“Thousands of Californians are suffering from untreated schizophrenia spectrum and psychotic disorders, leading to risks to their health and safety and increased homelessness, incarceration, hospitalization, conservatorship and premature death,” the legislative counsel wrote about SB-1338, the Community Assistance, Recovery and Empowerment (CARE) Court Program.
The Pacific Palisades Task Force on Homelessness have watched with dismay when they realize someone needs help, but if that person refuses it, there’s nothing that these volunteers can do. They’ve worked with at least three different parents of homeless. Parents watch in anguish, with no options, because they are not allowed to seek help for their young adult children.
CARE supposedly will allow loved ones to act sooner.
But like many well-intentioned programs, the most serious flaw of this one is it is voluntary. The person who is mentally ill has to agree to the program.
In a Zoom meeting on August 26, Andres Lizardo (Norwalk Court Operations Manager), Linda Boyd (Program manager III for the Department of Mental Health) and Caitlin McCann (CARE court Coordinator Attorney) described the process.
To be eligible to enter this program, one has to be 18 or older, be schizophrenic or have another psychotic disease. It has to be shown that the mental health of the person is substantially deteriorating, and the person is unlikely to survive without community support.
Before SB-1338, families, roommates, or even a first responder could not request an individual be seen by the court – no matter how outlandish that person’s actions might seem.
Now, a parent can file a CARE form and show evidence of a recent involuntary hold. It can be done electronically at lacourt.org or in person.
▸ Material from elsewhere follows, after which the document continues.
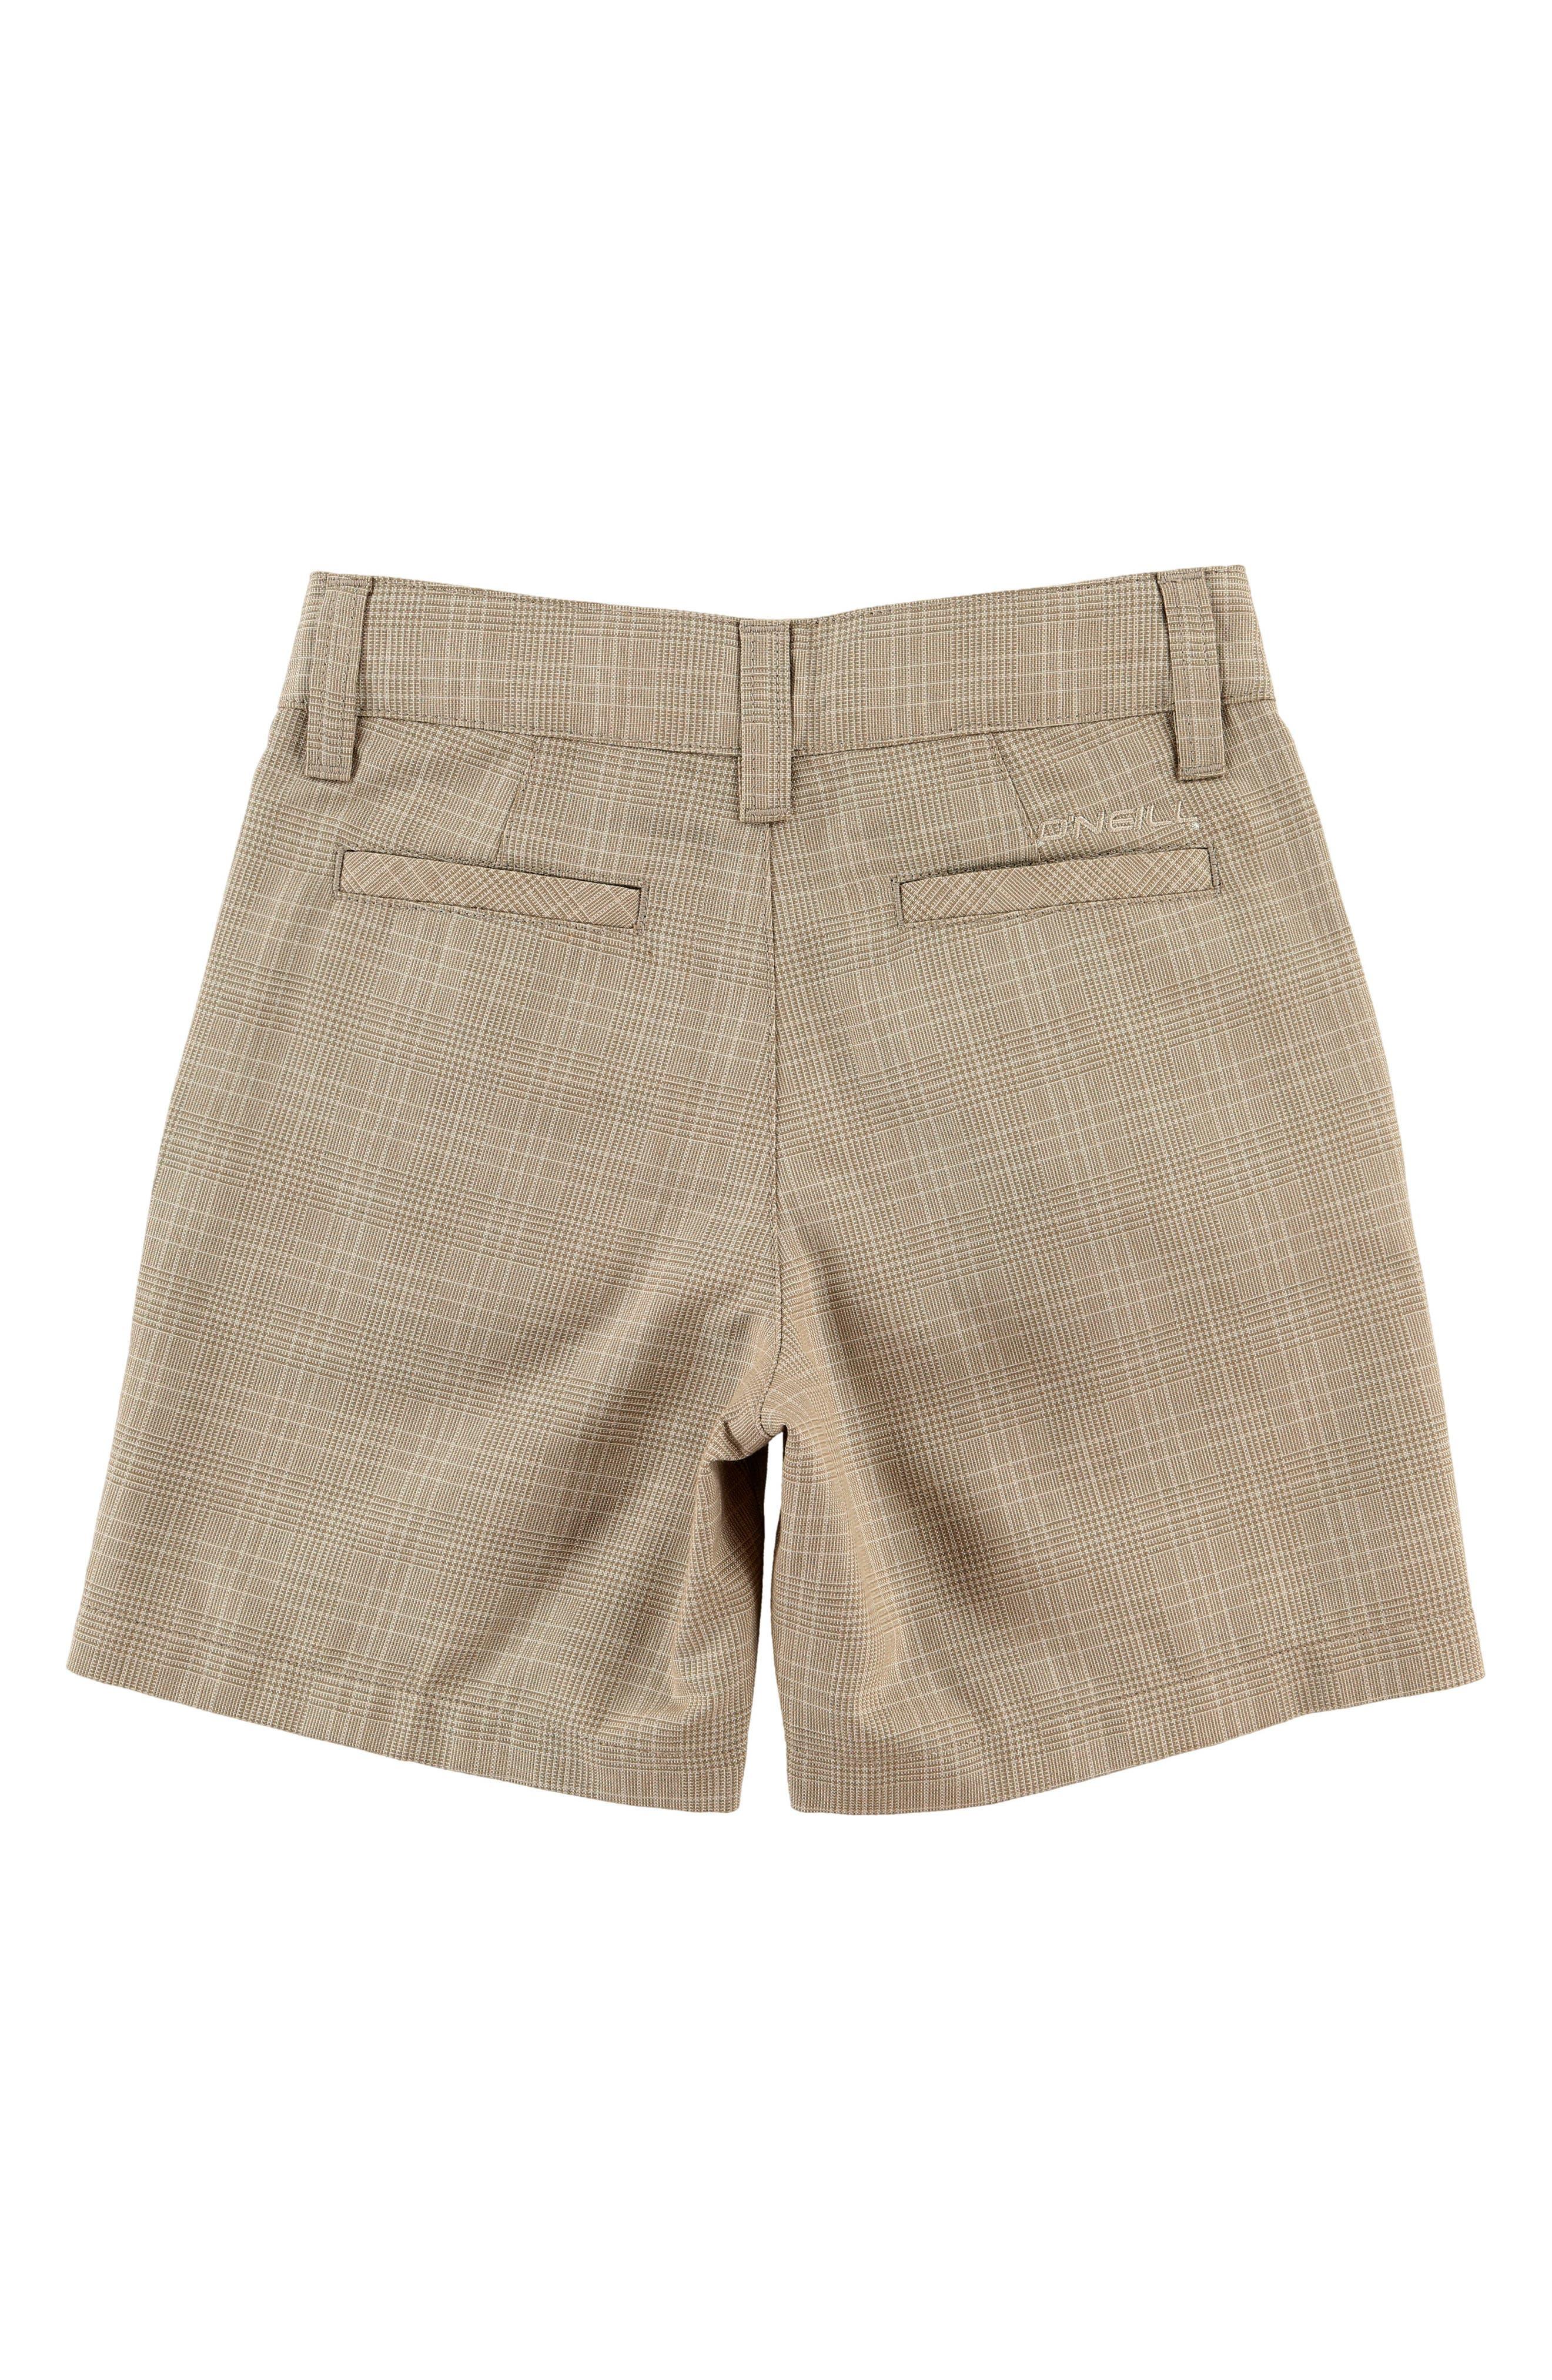 Delta Plaid Shorts,                             Alternate thumbnail 2, color,                             Dark Stone

After filing, an assessment will be done of the individual. Then a determination will be made of possible treatment, and oversight and implementation hearings will be done. There will be ongoing monitoring and evaluation.
The person being brought to court has to agree to enter the one-year program, because it is voluntary.
The care provided to the individual is required to be least restrictive.
During the Zoom call, the panel said that 230 cases have been filed since the program began in December and they are working on 171 cases. Of those, 20 people have entered into an agreement.
When a case is accepted, the person is automatically given an attorney. There are 50 attorneys with mental health experience, waiting to help clients, according to McCann.
The panelists were asked, if a person says ‘no thank you’ to the CARE program, then what?
Then a judge could still order the CARE program if he/she feels the criteria have been met.
Or there’s always the possibility the person with psychosis could say “not today” and then come back in the future.
At the end of a year, those in the program “graduate,” or they can elect to stay in the program, or they can be asked to stay by a mental health worker.
There are no graduates yet, since the program began in December 2023.
There was initial funding with $26 million for the first counties that implemented the plan and $31 million for all other counties, such as LA. All counties are required to implement CARE by December 2024.
The panel, which has experience with patients with mental illness was asked if they could wave a magic wand to fix the problem, what they would do.
The answer was fast, “Involuntary drug treatment, so the person could see what life is like, again. Or some mandatory medicine, to shut up the voices in their heads, so we could help them,” was the answer.
Elyn Saks eloquently wrote about her schizophrenia in the book “The Center Cannot Hold.”
At one point in her life, Saks, who is now an associate dean at the USC Gould School of Law convinced her doctor, Kaplan [a pseudonym], to lower her dosage of Zyprexa. But, she starts to experience a return of the disease.
“For some reason, I decided that Kaplan and Steve (her friend) were imposters. They looked the same, they sounded the same, they were identical in every way to the originals – but they’d been replaced by someone or something. Was it the work of alien beings? I had no way of knowing, but I was terrified.”